Greta let out an involuntary laugh.
“Are you joking?”
“No.”
“Will, honey, they won’t do anything.”
“It’s not that…it’s…oh Greta, you don’t understand. This is a disaster, I should never have come.”
He turned to run – yes, run – away, but she grabbed him and pulled him close.
“What are you doing? What’s the matter?”
There was fear in his eyes and he was breathing short and fast.
They were sitting a pub. Greta, after the previous half hour’s events, was drinking a glass of white wine. Will cradled a whiskey. He stared into the glass, a look on his face like he was mulling over all the problems in the world.
“I need to understand what happened back there,” she said finally.
He looked up from his whiskey, staring beyond her.
“When I was thirteen I went camping with two friends. Out in the Peaks. We were camping on top of a cliff edge, a sheer drop down to the valley below. We were drunk on cheap cider. We played this game…a stupid game of dare. They dared me. I was a stupid boy, never thought much about anything. I wanted to impress my mates.
“So I caught one, this poor young thing.”
His voice had become tight. He drank half his whiskey. Greta felt an unease crawling over her.
“They helped to drag it over. It was making such a noise I thought the farmer would come running…kind of hoped he would, but he didn’t. So I managed to get it to the edge of that fucking cliff, and I swear it must have sensed what was going to happen because it started shaking. ‘Go on’ my mates were saying, ‘do it’. So I give the wretched thing a shove.
“It looked up at me before it fell, eye to eye. And then it went, limbs flailing all over the place, off the edge of the cliff. God, Greta, it made this noise, this horrid, guttural bleating, almost a scream, if sheep scream. I can’t forget it.
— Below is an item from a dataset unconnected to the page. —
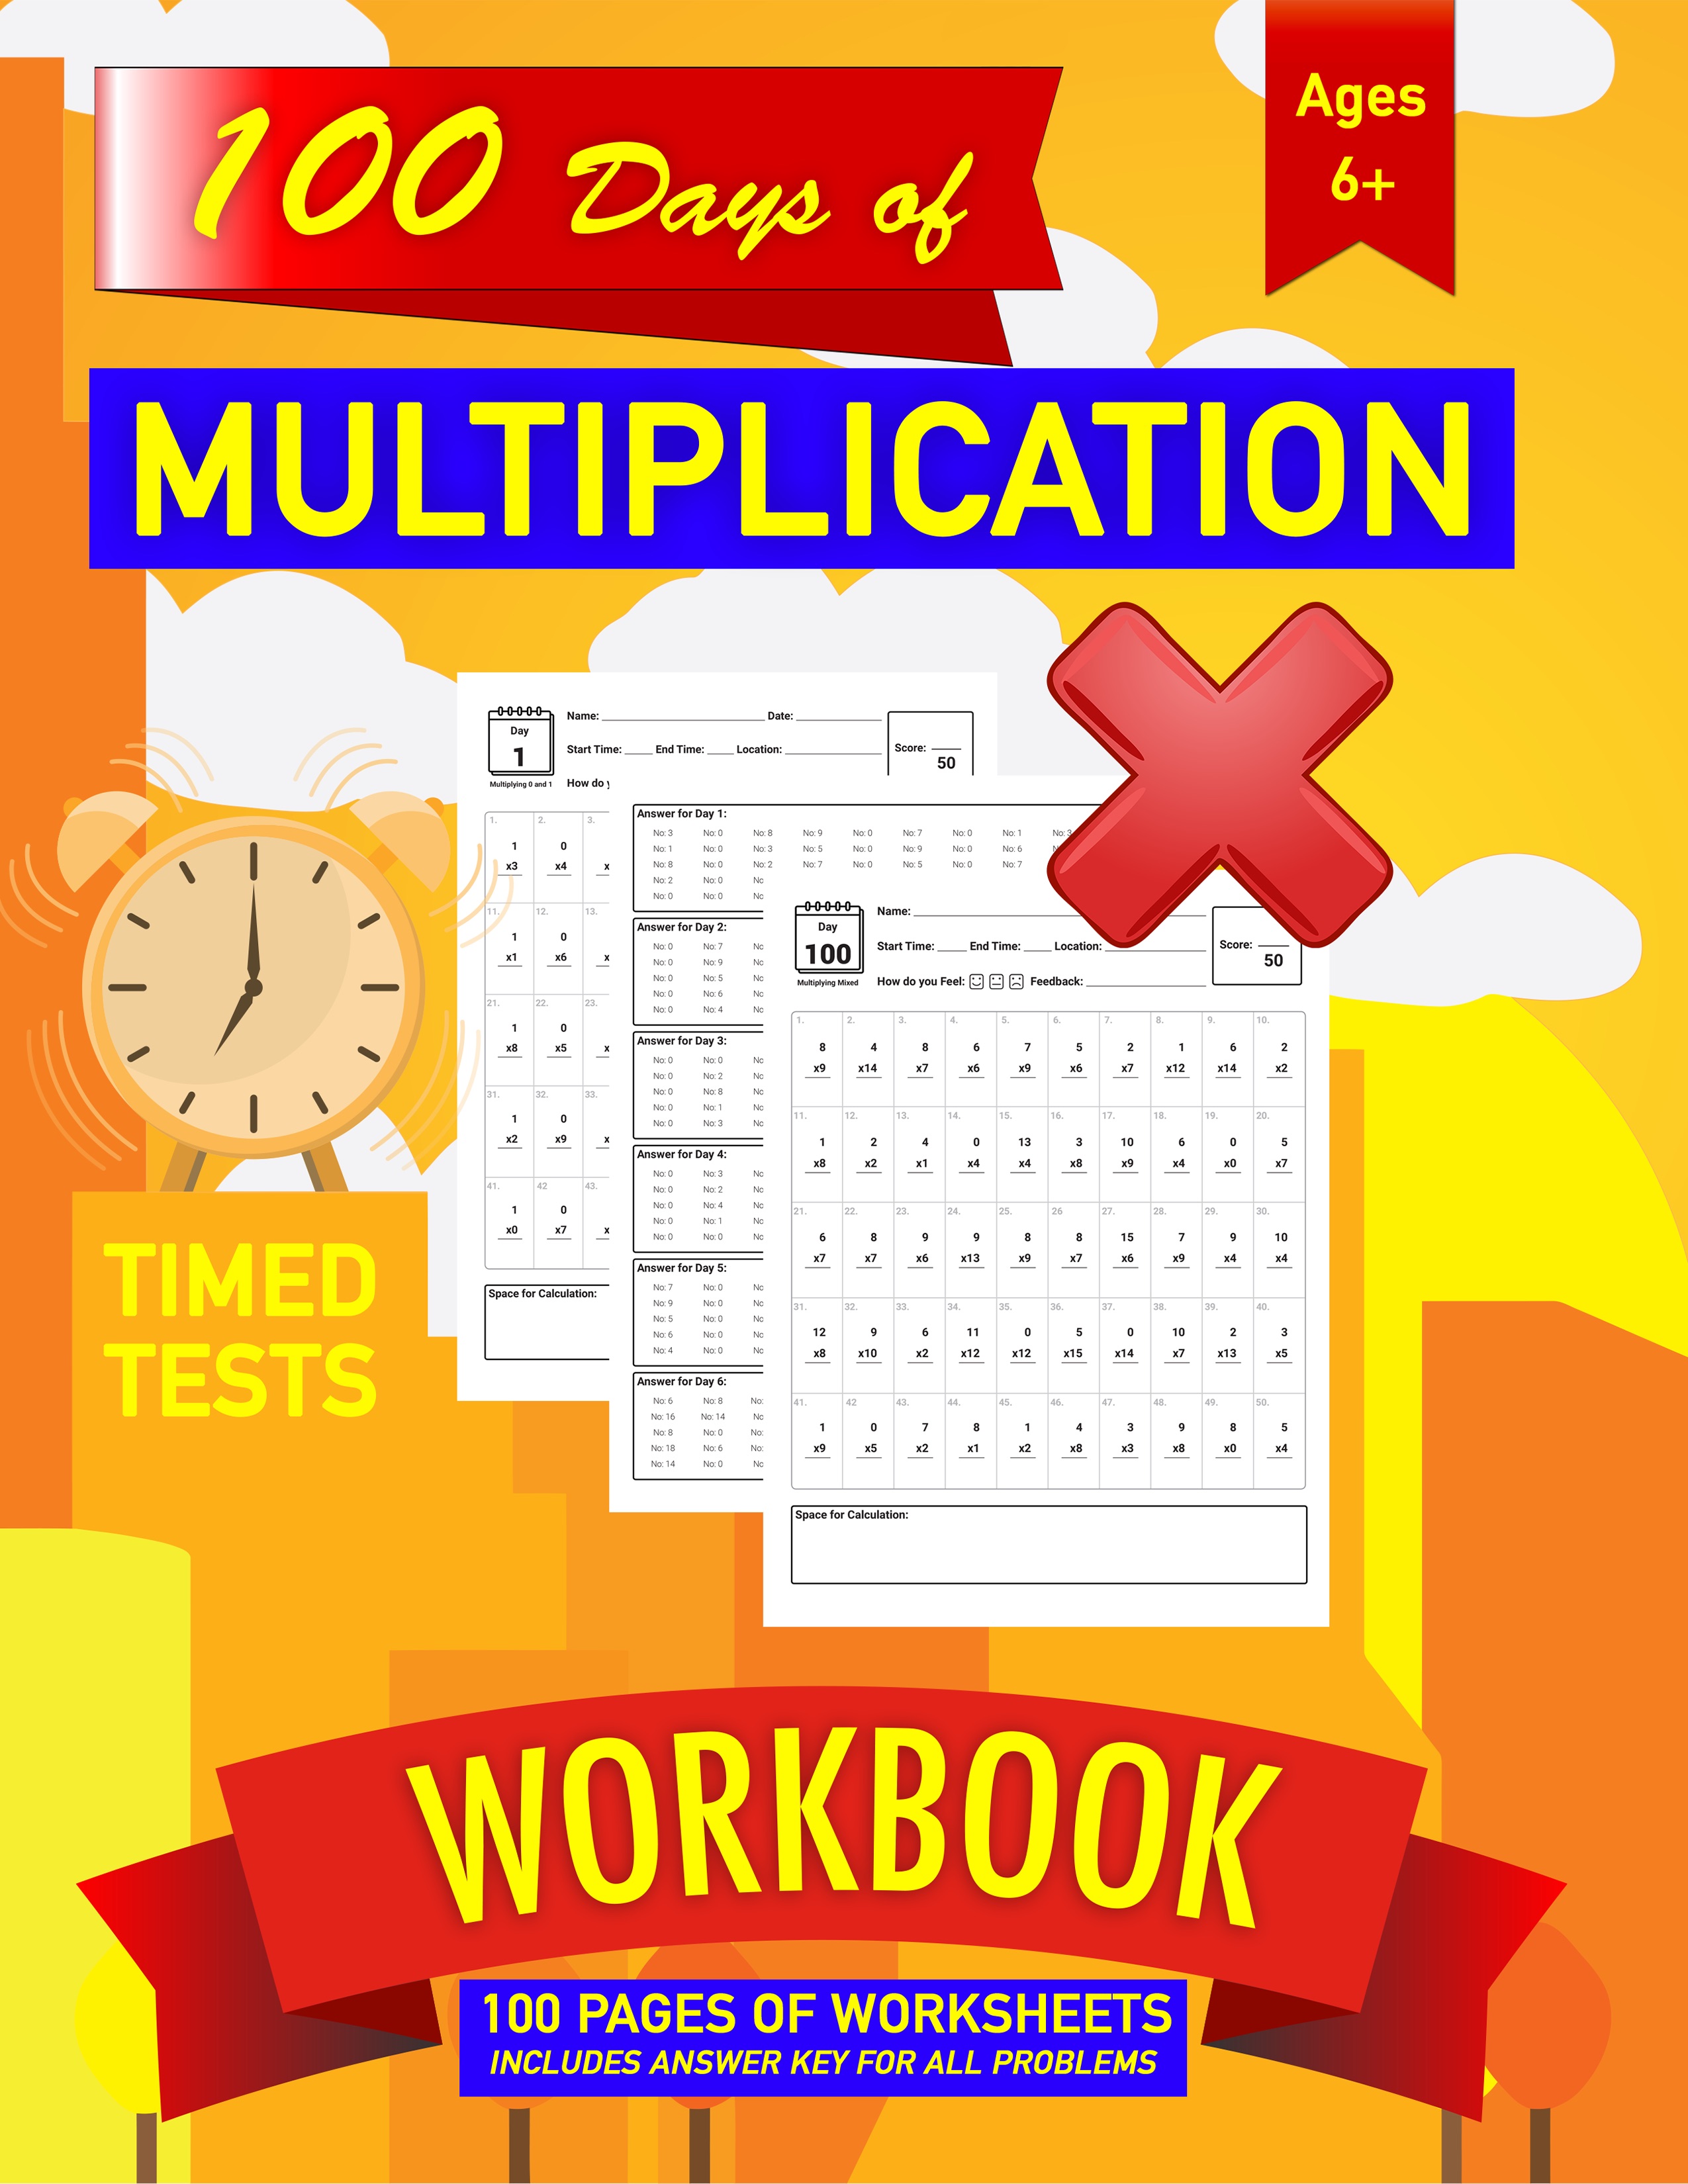 Multiplication Workbook - 100 Days of Timed Tests - Includes Answer Key For Problems - Ages 6+ Grades 1-5: 100 Pages of Practice Worksheets for Education Multiplication Workbooks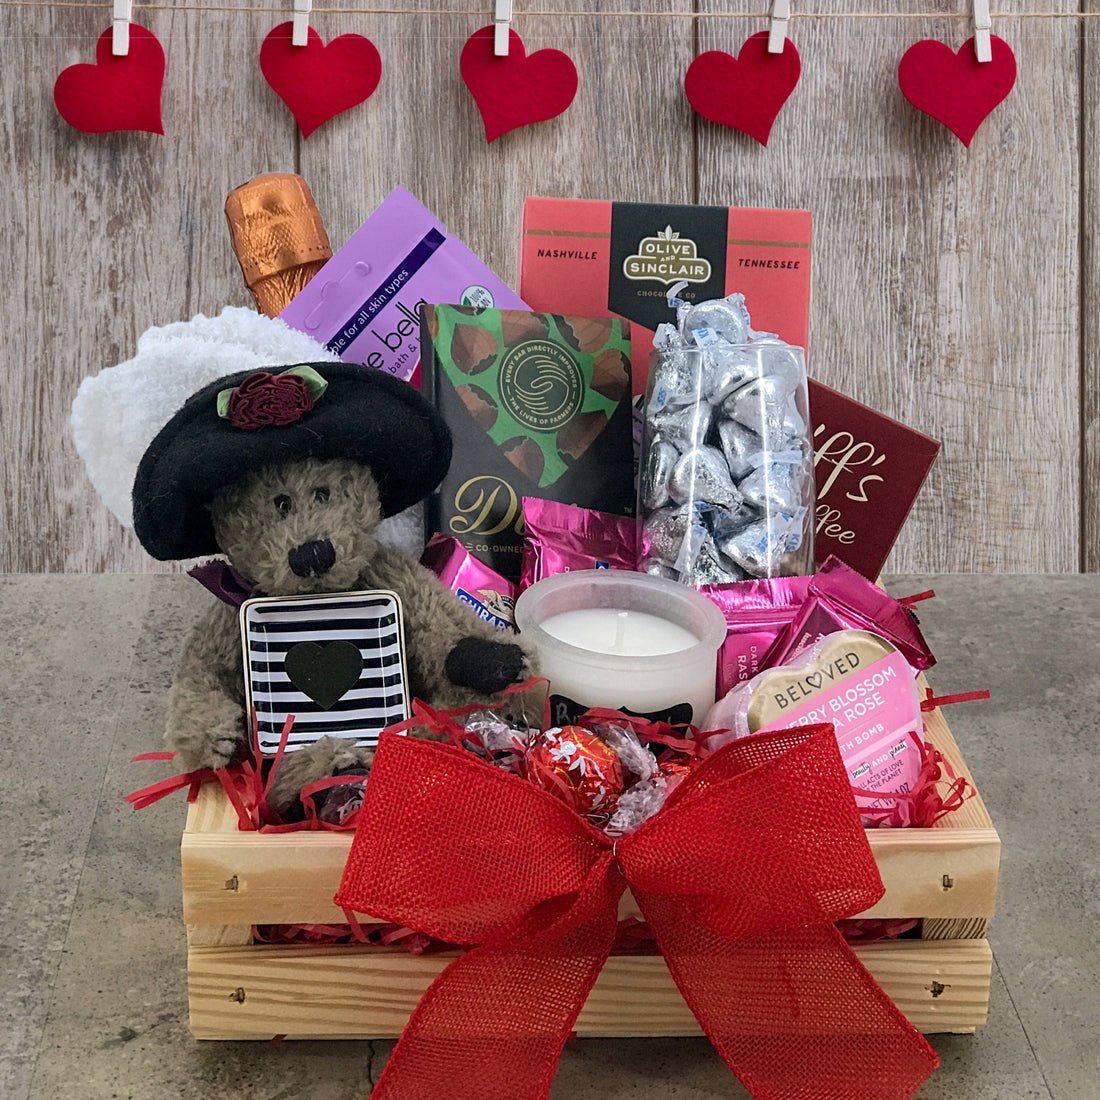 How to make Valentines gift baskets

“The next day we passed the corpse on our way home.”
He downed the rest of the whiskey and frowned. Greta had put her hand over her mouth in disgust, but she moved it and looked at her wine glass as he focused on her.
Neither of them spoke, until Will, composing himself, gave a little laugh.
“Do you think I’m a weirdo now?”
It was the kind of funny story you told your friends after you dumped someone. The boyfriend that had a thing with sheep. But she couldn’t dump Will, not over this.
“No, of course not.”
They ambled around the market town, Will putting on an air of joviality that was unwarranted by the over-priced, unfriendly market stalls, before lunching in a quaint tea room. It felt as though the dynamic had changed, though, and both of them knew it – as if Will was no longer the urban-loving aesthetist, as he had pretended to be, but was something else and now that she knew there was an assumption between them that he had betrayed her and she had a right to be off with him.
They returned to the hotel for dinner and then, in the king-sized bed in their boutique hotel room, he loomed above her, trying to make love as he had done the day before. But she found she could think of nothing but the sheep – the poor lamb he had chucked to its slaughter.
Afterwards, as she lay in his arms, she cursed herself, repeated the line in her head: ‘it was only a sheep’, but she had the sinking feeling that on Monday morning she would be logging onto Match.com again.